At half-past ten she heard a knock on her outer office door. When she got up to answer it the woman standing outside introduced herself as Margaret Lewis.
She was in her fifties, tall with thick strong hair and a warm smile.
If she shared Daniel Jefferson’s lack of faith in Charlotte’s professional competence she certainly wasn’t betraying it, and as she accompanied her up the stairs Charlotte felt herself begin to relax slightly, for the first time that morning.
‘We’re quite a small, close-knit unit here,’ Margaret told her as they went upstairs. ‘I like to think that it comes from the firm’s originally being started by a woman.’
‘A woman!’
Charlotte paused on the stairs to stare at her.
Margaret smiled.
‘Yes. Lydia Jefferson started up in practice here just after she had qualified, when she was unable to get work with any established practice. A very adventurous step for a woman in those days.’
‘Lydia Jefferson?’ Charlotte questioned. ‘Then she must have been…Was she related to Daniel Jefferson in some way?’
‘His great-aunt,’ Margaret confirmed. ‘She had been retired for several years when I first came to work as an office junior, but she still took a very strong interest in the practice. In fact it was she who first encouraged me to take my own articles and to qualify. She and Daniel were very close. When he was quite small, still at junior school, she used to bring him down here with her sometimes.
‘She had very strong views on women’s rights to control their own lives and she was vehement in her support of the underdog. Daniel is very like her in that. Much more so than his father, who, although kind, was much more the traditional stereotype of the country solicitor.
‘Daniel was a brilliant student and many people thought he should have opted to become a barrister, but he was always determined that he wanted to work here, continuing the tradition established by his aunt.’
‘But surely now with all the publicity surrounding the Vitalle case he must at least be tempted to take advantage of his success and perhaps move the practice to London?’
Margaret shook her head.
‘Oh, no, Daniel would never do that,’ she told Charlotte calmly. She said it so positively and with such faith and affection that Charlotte felt her resentment against Daniel Jefferson surge rebelliously inside her. It was all right for him. He had had everything handed to him on a plate. All he had had to do was to qualify and then to step into the comfortable world waiting for him. A world laboured for by a woman…
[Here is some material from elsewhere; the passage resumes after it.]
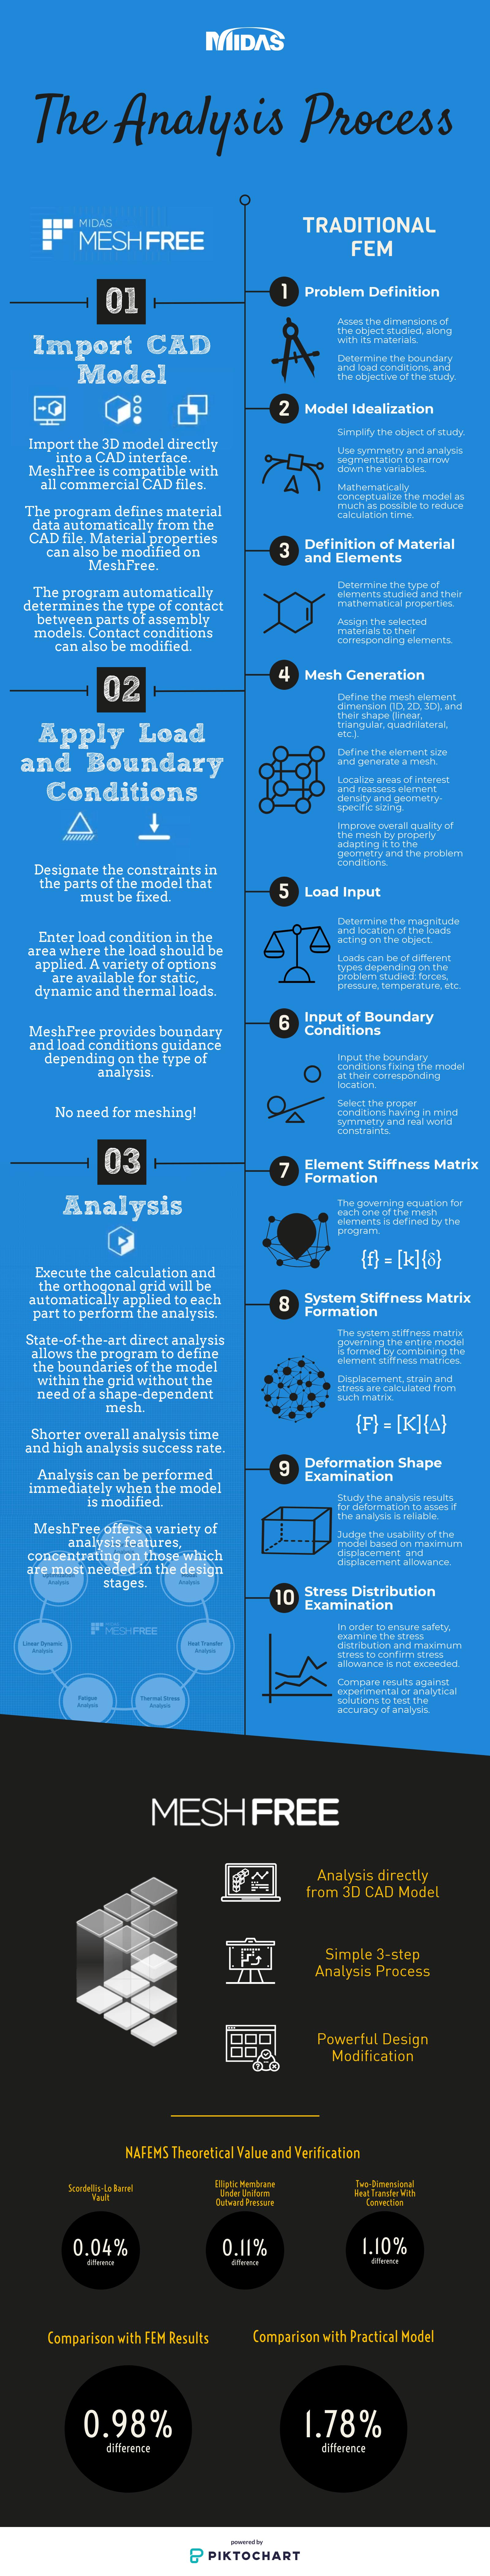 The Analysis Process Infographic: MeshFree vs Traditional FEM

A woman who had succeeded as she had not, and against far greater odds, Charlotte reminded herself miserably as they reached the top of the stairs and Margaret Lewis opened a door on the landing.
Inside the large sunny room eight people sat at desks working. The room buzzed with the hum of computers and electronic equipment. All along one of the shorter walls were racks containing the familiar packages of papers and legal briefs tied with pink ribbon.
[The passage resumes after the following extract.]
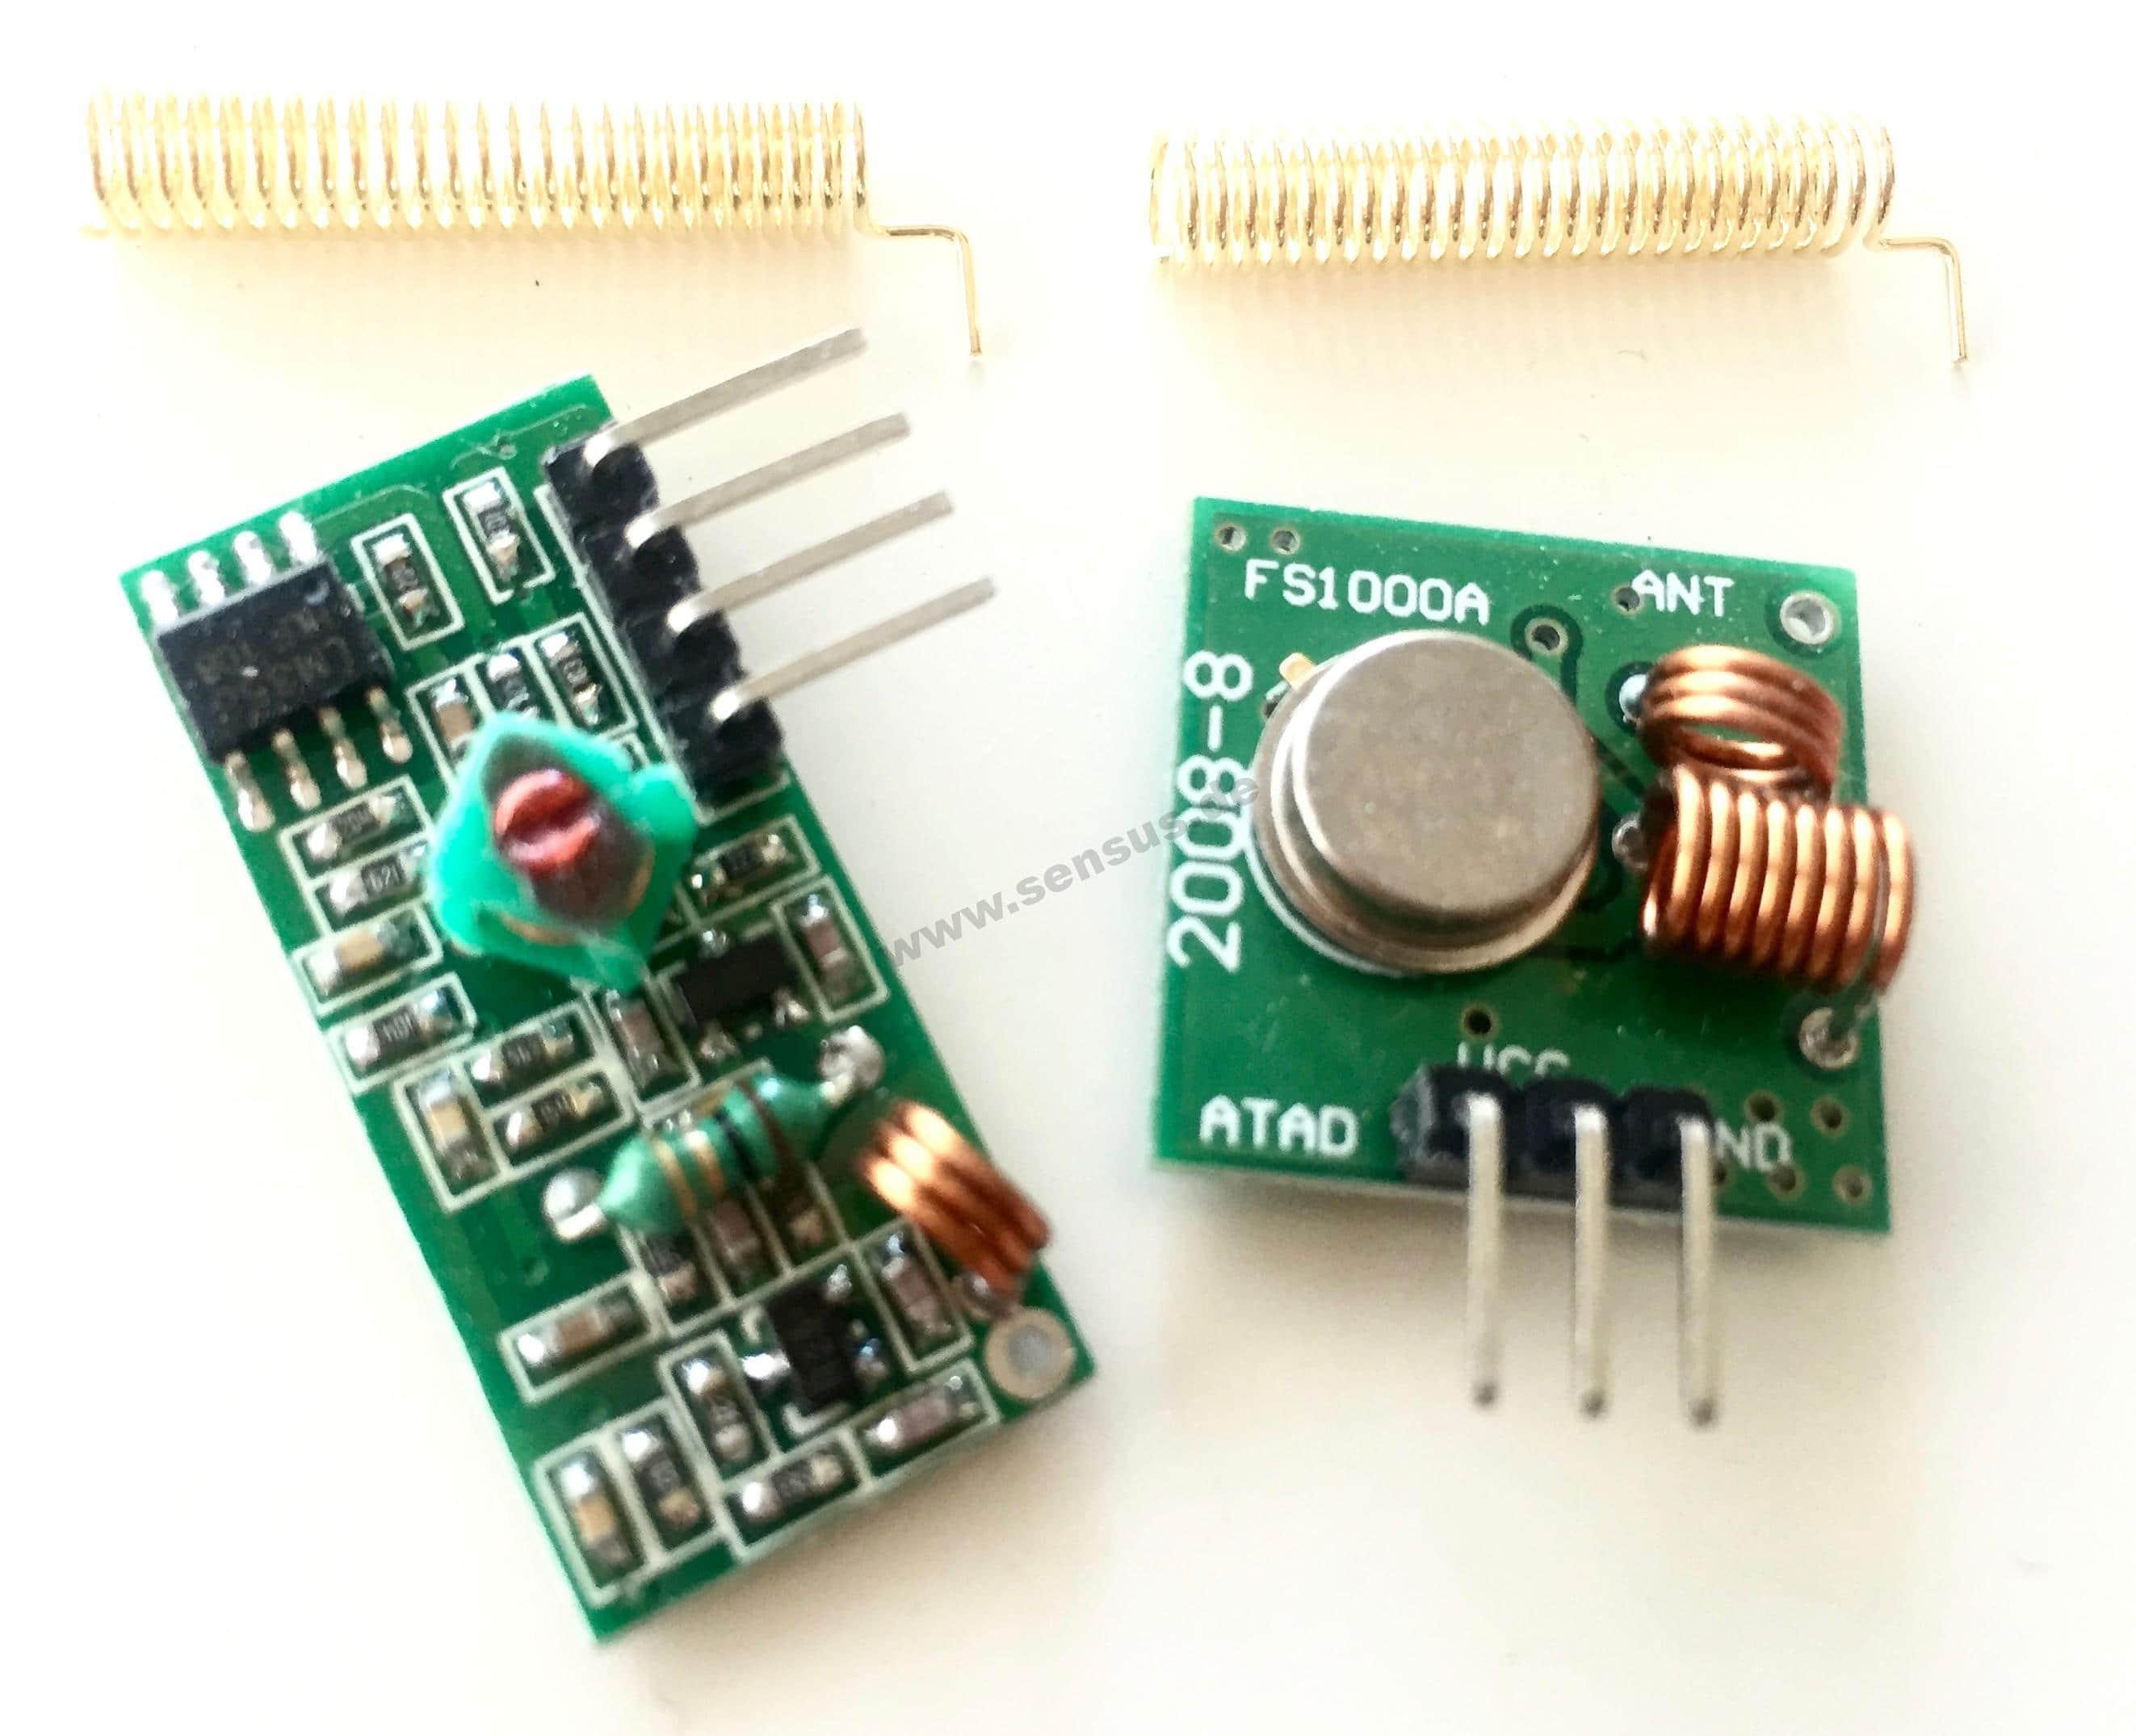 Raspberry Infrarot Entfernungsmesser : 433 mhz sender empfänger komplett set raspberry pi arduino modul

It was obvious immediately that the people in the room were extremely busy and yet the atmosphere was one of relaxed happiness, a young woman leaning over the shoulder of a male colleague, teasing him about something as she helped him with a query.
There was, Charlotte recognised, a bright-eyed quality and an enthusiasm about the occupants of this room that said how much they enjoyed their work, and there was also an alertness about them, an eagerness that she recognised as the kind of enthusiasm possessed by those who were the best of their peer group.
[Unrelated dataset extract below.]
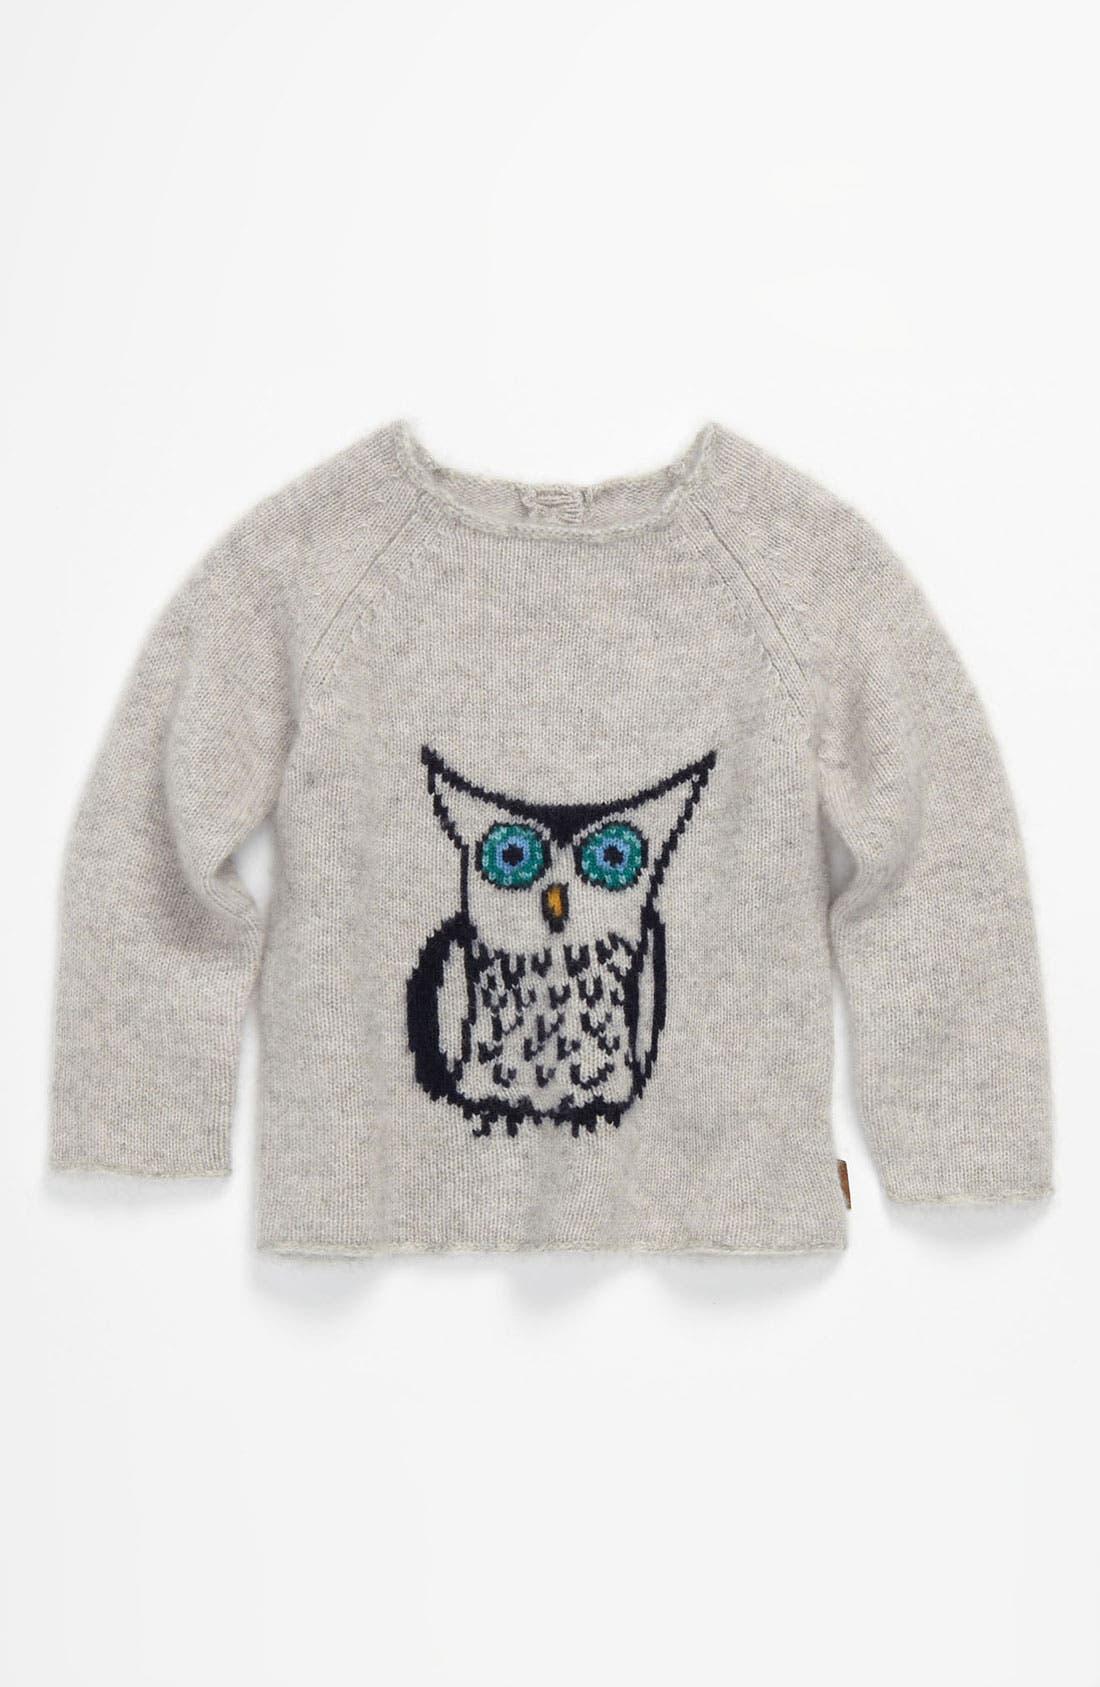 Main Image - Burberry 'Tova' Owl Intarsia Cashmere Sweater (Infant)

Without knowing any of them, she immediately knew that these trainees were all of them high achievers, quick, intelligent, hard-working, much as she had once been herself, but they had something she recognised that she had never really had: they were free of the anxiety that had plagued her almost from the moment she had set up her own practice.
If they knew about her professional history they were certainly not showing it, as Margaret introduced them to her and they reacted with what appeared to be genuine warmth.